Norfolk Constabulary has said that it’s filed a number of charges against three men from the West Norfolk Foxhounds over two hunting incidents in February.
According to the police, the first of these incidents occurred at Tittleshall on 8 February, during which Norfolk/Suffolk Hunt Saboteurs said the West Norfolk Foxhounds chased a fox. The second incident relates hounds from the same hunt killing a fox in a residential garden in Hingham on 22 February. Footage of this was caught by the home’s CCTV camera, and the video hit national headlines at the time.
Norfolk Constabulary said it had made the following charges:
- Two counts of illegal hunting at Tittleshall and Hingham.

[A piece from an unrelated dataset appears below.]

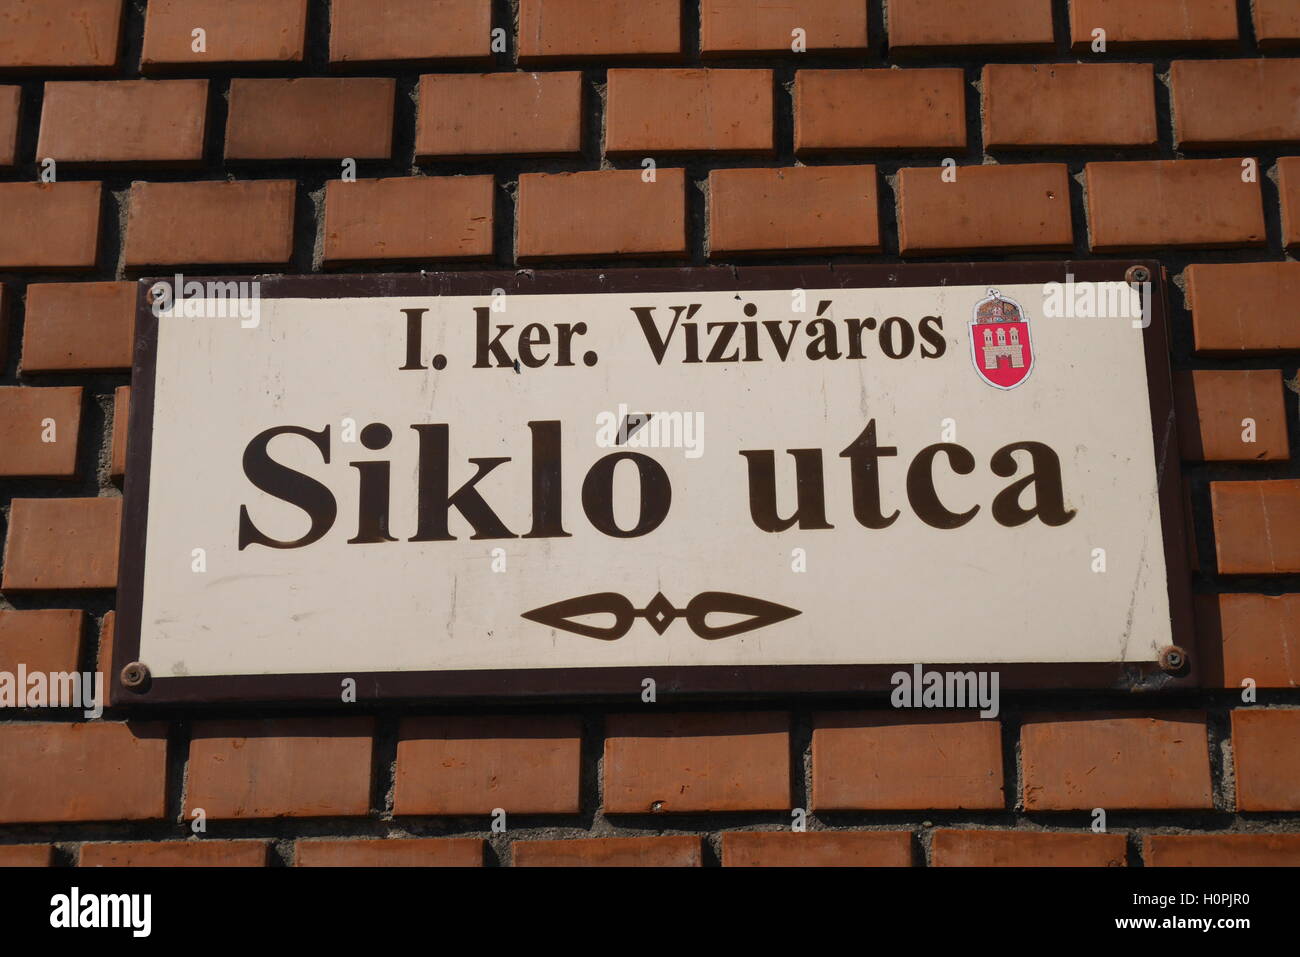 Plaque de rue, Siklo utca, dans Vizivaros (Ville de l'eau), Budapest, Hongrie Banque D'Images
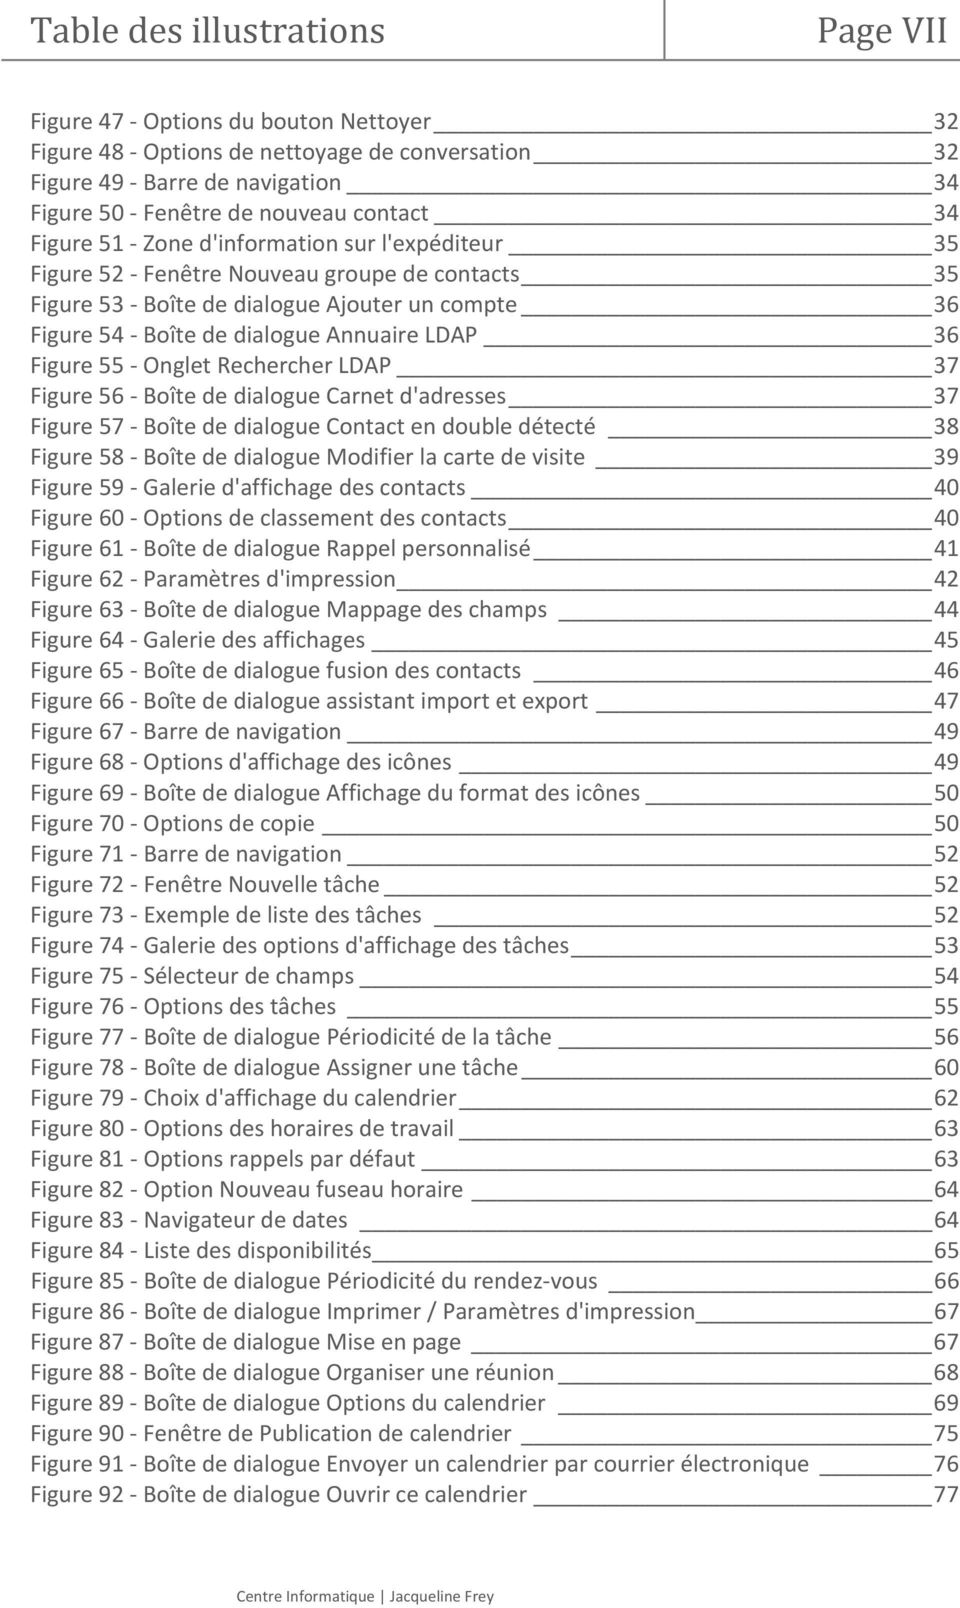 Annuaire LDAP 36 Figure 55 - Onglet Rechercher LDAP 37 Figure 56 - Boîte de dialogue Carnet d'adresses 37 Figure 57 - Boîte de dialogue Contact en double détecté 38 Figure 58 - Boîte de dialogue

- Two counts of being in charge of a dangerously out-of-control dog in Tittleshall and Hingham
- Three counts of criminal damage to a property in Hingham.
And the three people involved were huntsman Edward “Mikey” Bell, whipper-in Adam Egginton, and master Andrew Kendall. It’s not currently clear who faces which charges.
Police also laid a further charge each against Egginton and Kendall of encouraging or assisting the commission of a crime. The plea hearing is set for 23 June.
Sadly, in both incidents, the West Norfolk Foxhounds appears to have killed the fox it was chasing.
West Norfolk Foxhounds – organised crime group?
It’s the first time that people connected to the West Norfolk Foxhounds have faced Hunting Act charges. However, it comes just a few months after three members of the Norfolk-based Dunston Harriers went to trial for chasing a hare in 2022. Magistrates found those three not guilty. But it nonetheless reflected changing attitudes.
Hunts haven’t changed their attitudes, nor have local sab and monitor groups changed their actions. The latter has repeatedly exposed the former for their cruel activities for years. What has changed, however, is the police’s willingness to take hunting with hounds seriously as a crime.
As Protect the Wild previously reported, senior police officer Matt Longman publicly commended Wiltshire Hunt Saboteurs for its role in exposing the disgraced Avon Vale Hunt. Longman had also stated to the Times that he believed illegal hunting is “prolific”. And these statements came roughly a year after Wild Mammal Persecution UK had said that two police forces were starting to treat hunts as organised crime groups.
Police in Norfolk were involved in coordinated nationwide raids on terriermen and hunt kennels in January this year. The event was the first sign that what Wild Mammal Persecution UK had said might be true. Now it appears Norfolk Constabulary is continuing to tug on the thread of the rapidly unravelling hunting industry.
The tide has turned
Responding to the news, Norfolk/Suffolk Hunt Saboteurs flagged up a name change on the hunt’s official documents. Its registered name on Companies House changed on 8 May from West Norfolk Foxhounds Ltd to WNTH. The sab group said this may stand for West Norfolk Trail Hounds.
A name change isn’t convincing anyone, though. It’s clear this hunt terrorises and kills just like its kin. And even though a guilty verdict may bring a pitiful penalty, the charges alone are another sign that the tide has finally turned against the hunting industry.